1) Master queries how many packets the MSP can hold.
2) A packet is sent successfully
3) Another packet is attempted but < 62 bytes are received by the MSP (counted by logging how many Rx interrupts I receive). No stop condition is sent so master times out.
4) Another packet is attempted. A single byte is sent before the stop condition is sent.
5) Another packet is attempted to be sent. A start interrupt, then a Tx interrupt happens and the device hangs.
Ignoring the fact that I'm not handling the timeout errors on the master side, something very strange is happening to cause that sequence of events, but that's what happens every single time.

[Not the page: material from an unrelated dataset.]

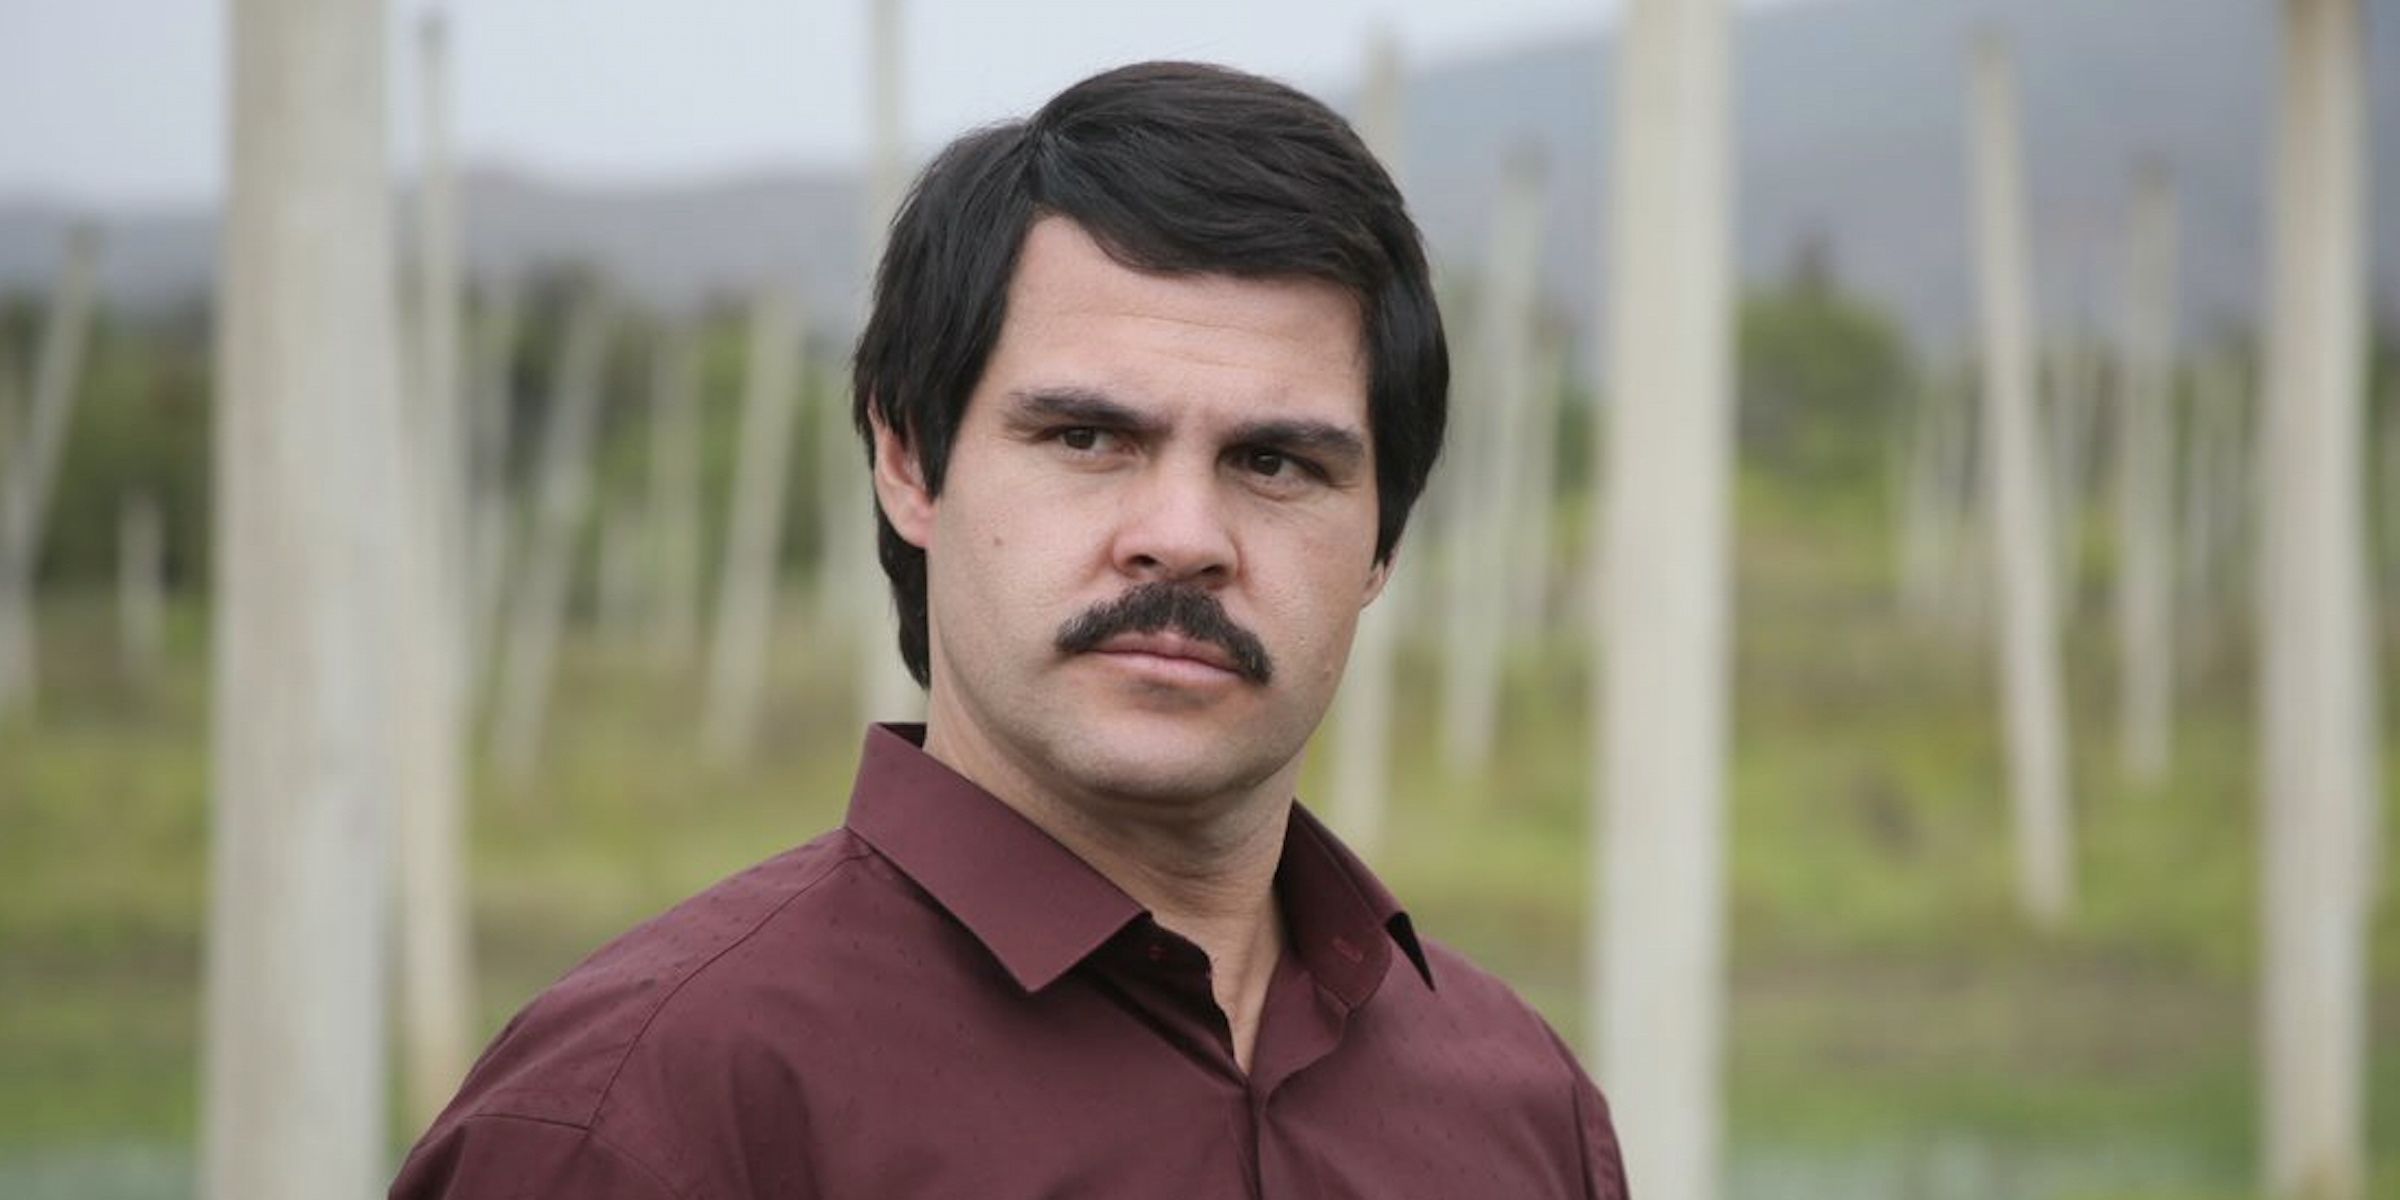 Marco de la or in El Chapo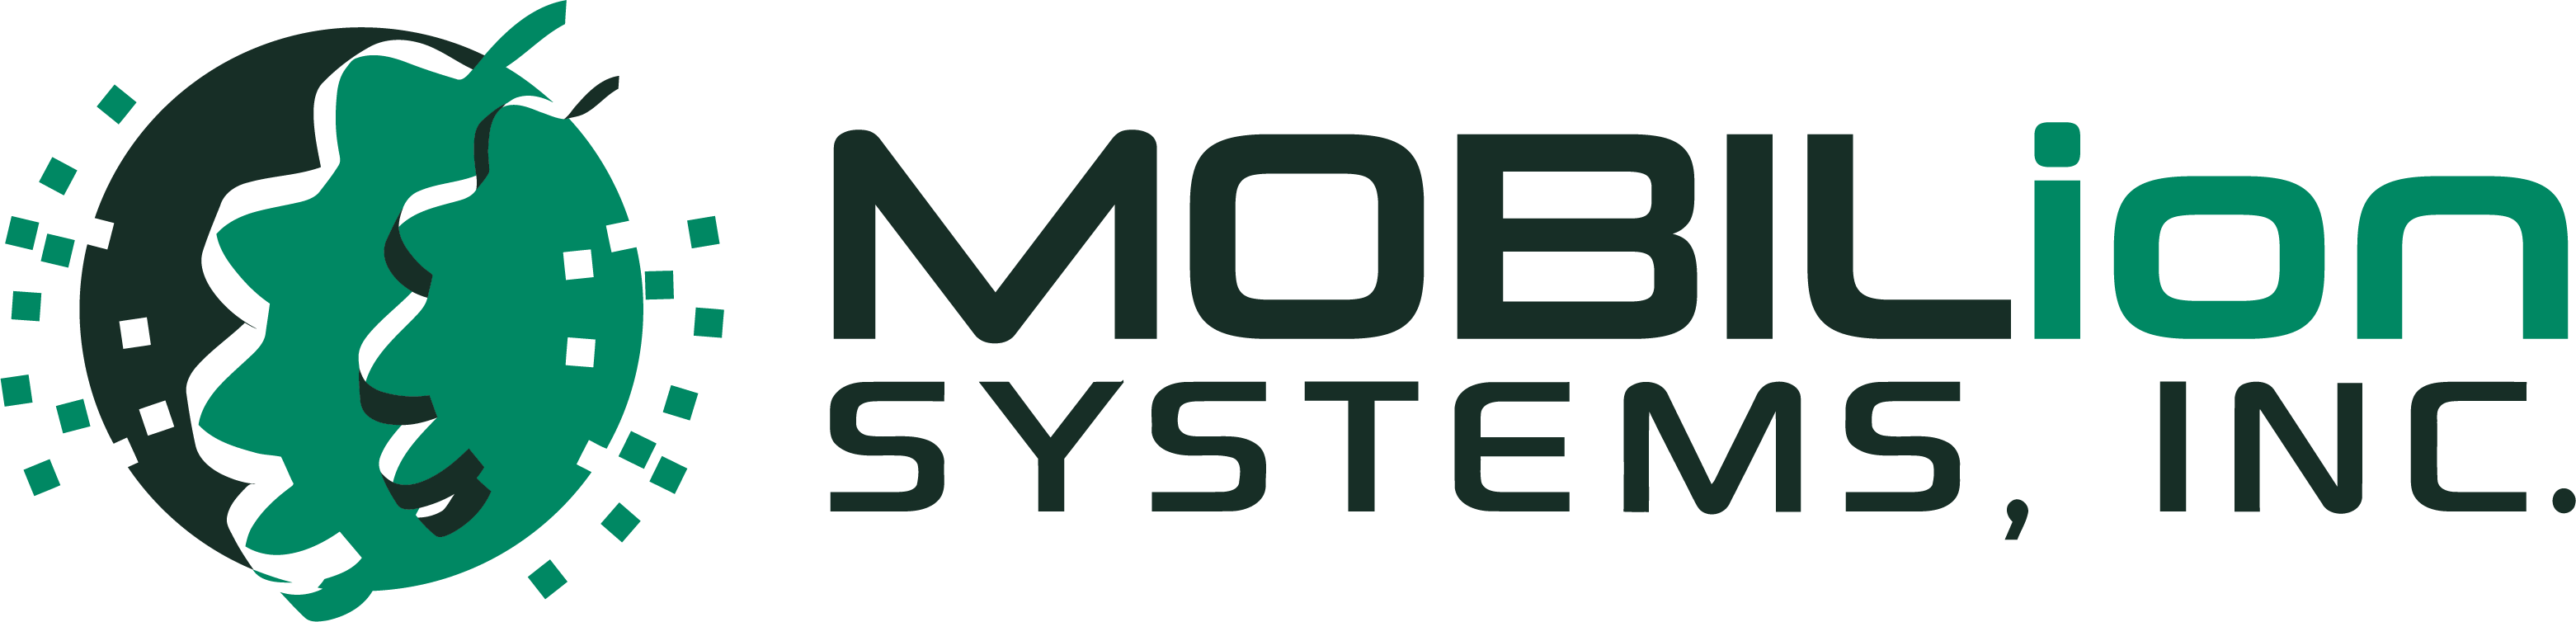 MOBILion_Color_Horizontal_Logo

Below is the minimal working example which is reproducing the problem. My particular concern is with the SetUpRx and SetUpTx functions. The examples that the Code Composer Resource Explorer gives only has examples of Rx or Tx, I'm not sure if I'm combining them in the right way. I also tried removing the SetUpRx completely, putting the device into transmit mode and replacing all calls to SetUpTx/Rx with mode = TX_MODE/RX_MODE, which did work but still eventually holds the clock line low. Ultimately I'm not 100% sure on how to set this up to receive both Rx and Tx requests.
#include "driverlib.h"
#define SLAVE_ADDRESS (0x48)
// During main loop, set mode to either RX_MODE or TX_MODE
// When I2C is finished, OR mode with I2C_DONE, hence upon exit mdoe will be one of I2C_RX_DONE or I2C_TX_DONE
#define RX_MODE (0x01)
#define TX_MODE (0x02)
#define I2C_DONE (0x04)
#define I2C_RX_DONE (RX_MODE | I2C_DONE)
#define I2C_TX_DONE (TX_MODE | I2C_DONE)
/**
* I2C message ids
*/
#define MESSAGE_ADD_PACKET (3)
#define MESSAGE_GET_NUM_SLOTS (5)
static volatile uint8_t mode = RX_MODE; // current mode, TX or RX
static volatile uint8_t rx_buff[64] = {0}; // where to write rx data
static volatile uint8_t* rx_data = rx_buff; // used in rx interrupt
static volatile uint8_t tx_len = 0; // number of bytes to reply with
static inline void SetUpRx(void) {
// Specify receive mode
USCI_B_I2C_setMode(USCI_B0_BASE, USCI_B_I2C_RECEIVE_MODE);
// Enable I2C Module to start operations
USCI_B_I2C_enable(USCI_B0_BASE);
// Enable interrupts
USCI_B_I2C_clearInterrupt(USCI_B0_BASE, USCI_B_I2C_TRANSMIT_INTERRUPT);
USCI_B_I2C_enableInterrupt(USCI_B0_BASE, USCI_B_I2C_START_INTERRUPT + USCI_B_I2C_RECEIVE_INTERRUPT + USCI_B_I2C_STOP_INTERRUPT);
mode = RX_MODE;
}
static inline void SetUpTx(void) {
//Set in transmit mode
USCI_B_I2C_setMode(USCI_B0_BASE, USCI_B_I2C_TRANSMIT_MODE);
//Enable I2C Module to start operations
USCI_B_I2C_enable(USCI_B0_BASE);
//Enable master trasmit interrupt
USCI_B_I2C_clearInterrupt(USCI_B0_BASE, USCI_B_I2C_RECEIVE_INTERRUPT);
USCI_B_I2C_enableInterrupt(USCI_B0_BASE, USCI_B_I2C_START_INTERRUPT + USCI_B_I2C_TRANSMIT_INTERRUPT + USCI_B_I2C_STOP_INTERRUPT);
mode = TX_MODE;
}
/**
* Parse the incoming message and set up the tx_data pointer and tx_len for I2C reply
*
* In most cases, tx_buff is filled with data as the replies that require it either aren't used frequently or use few bytes.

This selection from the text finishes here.